Em consulta (processo 932774) apresentada ao TCEMG, o prefeito municipal de Camanducaia questionou se seria “possível processo licitatório para a concessão de direito real de uso com posterior doação de bens imóveis para indústrias – com base na Lei nº 8.666/1993 e demais legislações –”, ao final do contrato.

A resposta do Tribunal, ficando vencido o conselheiro Gilberto Diniz, acompanhou o voto do Conselheiro Cláudio Terrão, aprovado na sessão plenária de quarta-feira (22/03), que esclareceu não ser possível a realização de procedimento licitatório para a concessão de direito real de uso com previsão no contrato administrativo de posterior doação de bens imóveis.

Conforme relatório da Assessoria de Súmula, Jurisprudência e Consultas Técnicas, é a primeira vez que o Tribunal se manifesta sobre o questionamento formulado.
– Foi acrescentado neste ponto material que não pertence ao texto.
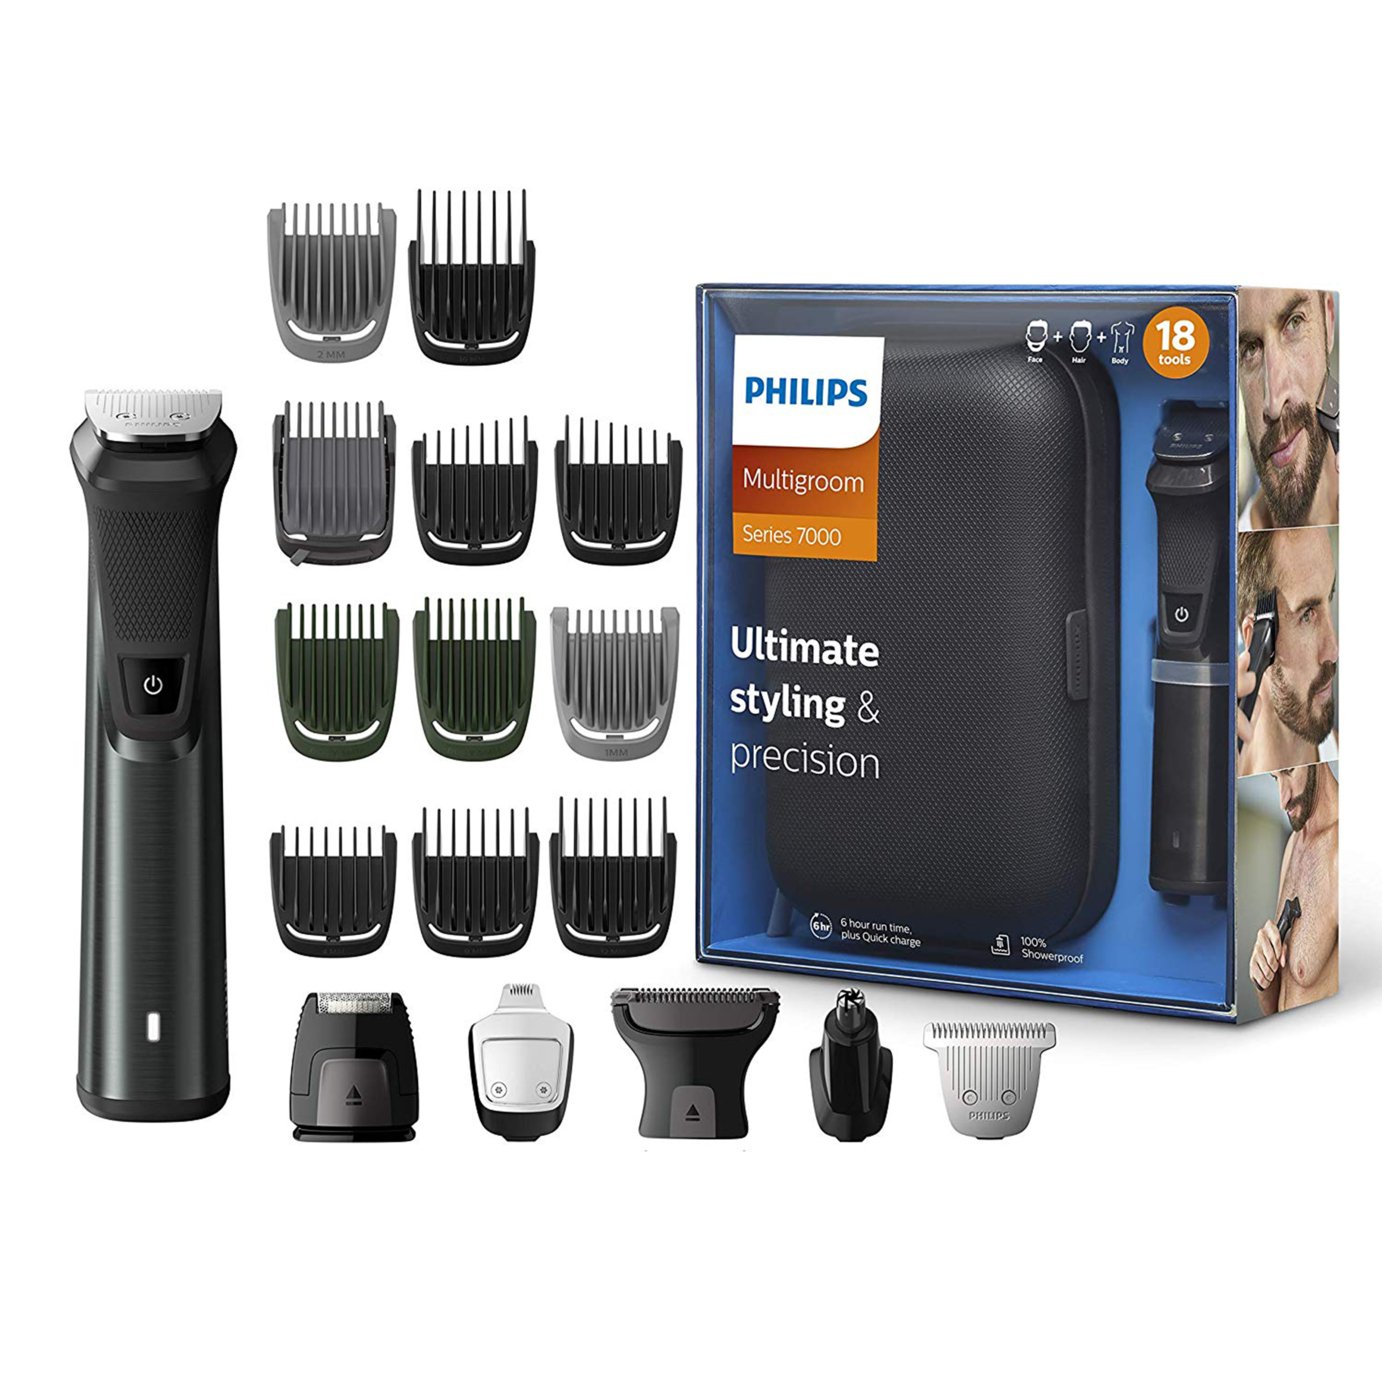 Philips 18 in 1 Beard Trimmer and Hair Clipper Kit MG7785/20
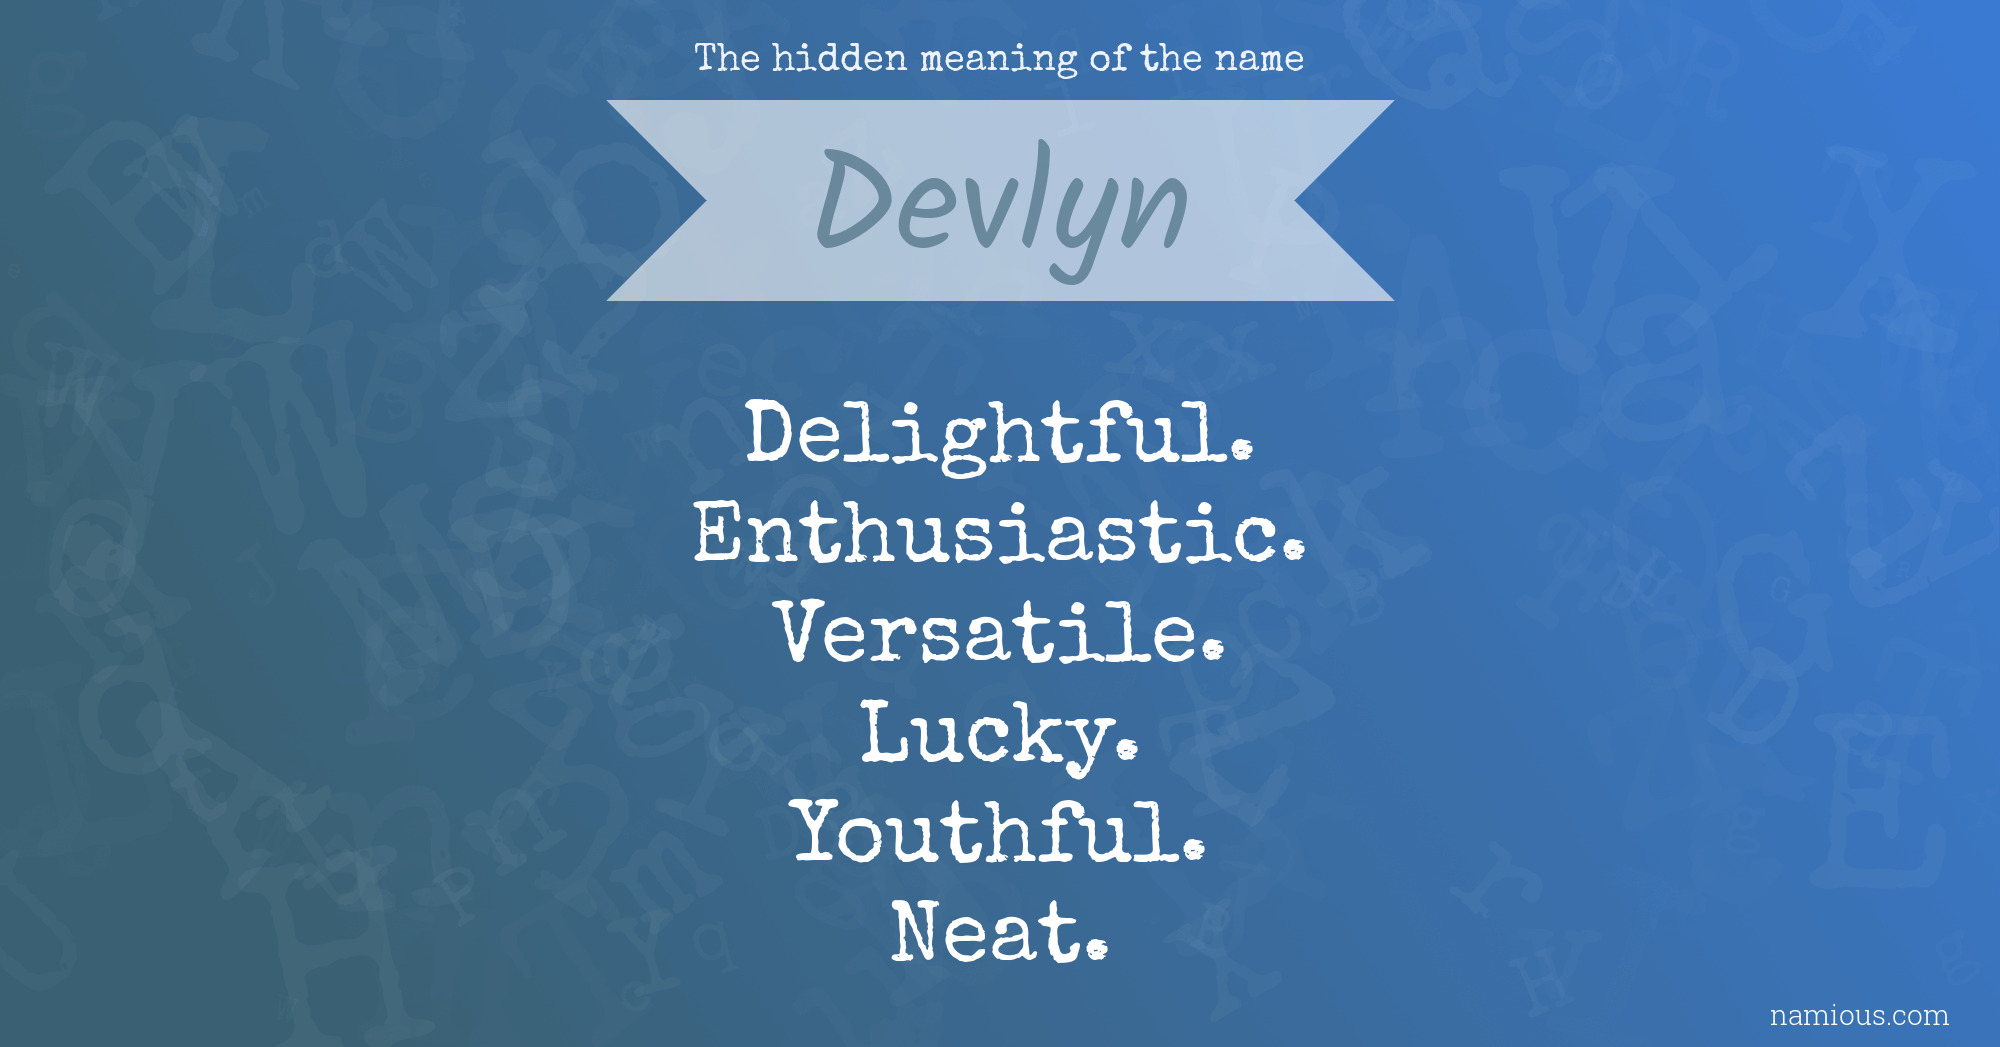 The hidden meaning of the name Devlyn

O consulente assinala que “devido à insegurança jurídica decorrente da ausência de transferência da propriedade de bem imóvel ao concessionário, muitas empresas não se interessam em instalar nos municípios em que os terrenos públicos são oferecidos sob a forma de concessão de direito real de uso”. Segundo o relator, “o suposto problema narrado pelo consulente parece envolver mais questões afetas ao interesse particular das empresas do que ao interesse público propriamente dito”.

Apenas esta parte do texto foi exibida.